America is one of the most openly and visibly hyper sexual cultures on the planet. It is also oddly conservative regarding what’s considered the appropriate way a woman should cover her body.

The fundamental concept appears to be that a woman must cover her body to protect a man from his own lustful thoughts.  This concept is flawed for a few reasons.  It assumes that a man cannot control his own thoughts.  Is assumes that men are weak, helpless and utterly unable to reign in their sexual desires.  It tells a woman that she is to blame if any man sees her and has a lustful thought.  Is it possible for a person to control what another thinks?

If this were true, then the more clothing a woman wore the less a man would desire her.  But this is not the case. I’ve been told by men that seeing women wearing burkas is arousing to them.  A burka is a type of clothing worn primarily in Muslim cultures and which requires most or all of a woman’s body to be completely covered. The woman was completely covered except for her eyes, yet the men were still aroused.  Why? They explained that it was more sexy to imagine what was underneath her covering than when little was left to the imagination.  Being fully covered seemed to do nothing to stop men from having lustful thoughts.

Beautiful girl wearing a niqab – grey background

I can think of no other social or moral construct that holds one person directly responsible for another person’s thoughts.  Religions take it a step further by teaching that a woman is sinning by wearing flattering clothes.

The first time this occurred to me was when I became a mother.  I was put under so much pressure to conceal myself when nursing my sons.  It was extremely uncomfortable both for me and my children.  We were forced to hide under blankets in the heat of summer and seek refuge in the car no matter the weather when my child wanted to nurse.  I remember thinking that there is nothing sexual about feeding my child and if someone was turned on by seeing it, they were the problem.  Yet I was made to feel immense shame if I was ever seen breastfeeding my child.

Where does the problem lie?  Is the problem in the body of a woman or in the mind of the viewer?  Who is really to blame when sex is projected onto a non-sexual act?

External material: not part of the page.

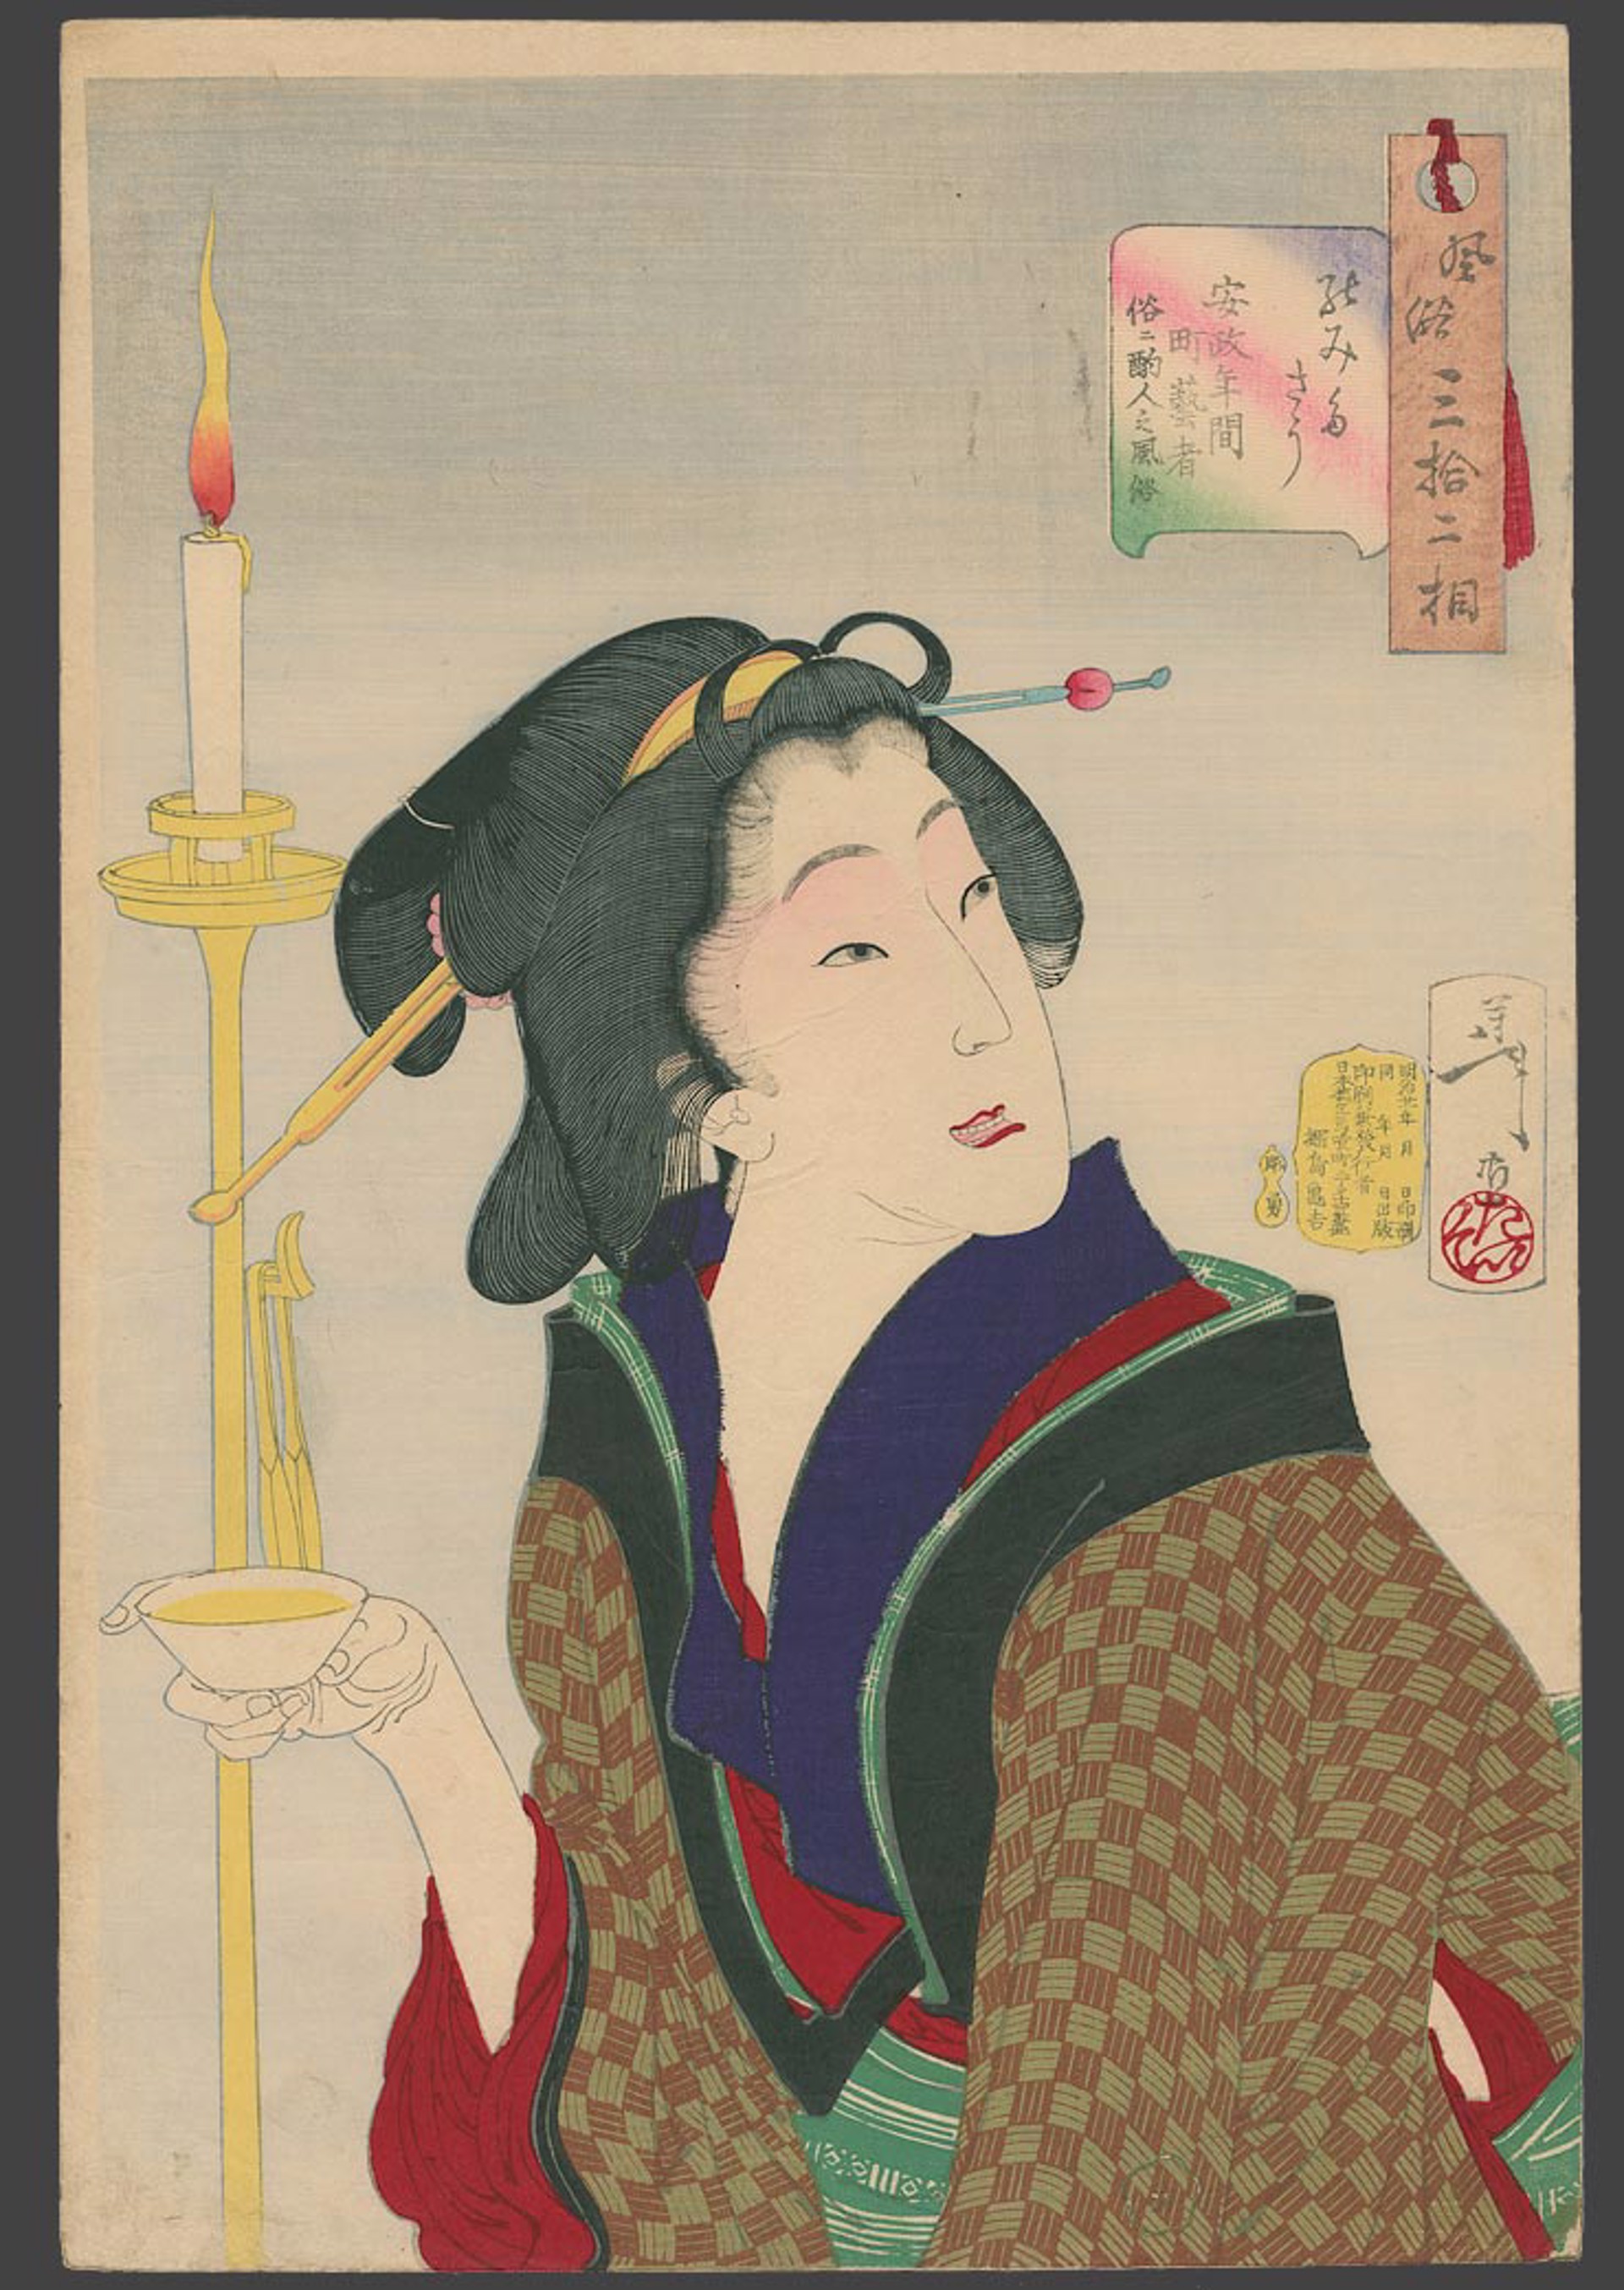 Looking as if she wants a drink: A town geisha, so called wine server, in the Ansei era (1854-60) 32 Aspects of Women by Yoshitoshi

Even worse, a woman’s body only incites consternation in certain contexts.  There’s little if any outrage about using a scantily clad woman to advertise a product.  As long as a woman’s body is being exploited by corporate interests to sell cars, beauty products or promote nightclubs, society isn’t bothered or threatened. Yet if a woman wears clothing that is flattering to her physical form for her own enjoyment, it’s considered unseemly and is frowned upon.  Is it self empowered women that threaten the status quo?

This notion is dangerous because it fosters a certain sexual and emotional retardation in men.   It also reinforces the idea that a woman’s body is primarily a sexual object.  This contributes to rape culture.

Where is the personal responsibility?  How did we reach this point where we’ve given up on a man’s ability to be emotionally and spiritually mature?

Men, I believe in you.  I believe in your ability to control your own thoughts.  You are not helpless in the grip of a woman’s physical beauty.

Let’s stop demonizing something that isn’t evil – the beauty of the physical form.  Instead, let’s demonize the thing that IS evil – lack of internal discipline and emotional immaturity.

These ideas are wrong and disempower both men and women.  They say that men are weak and women are wrong simply for being attractive.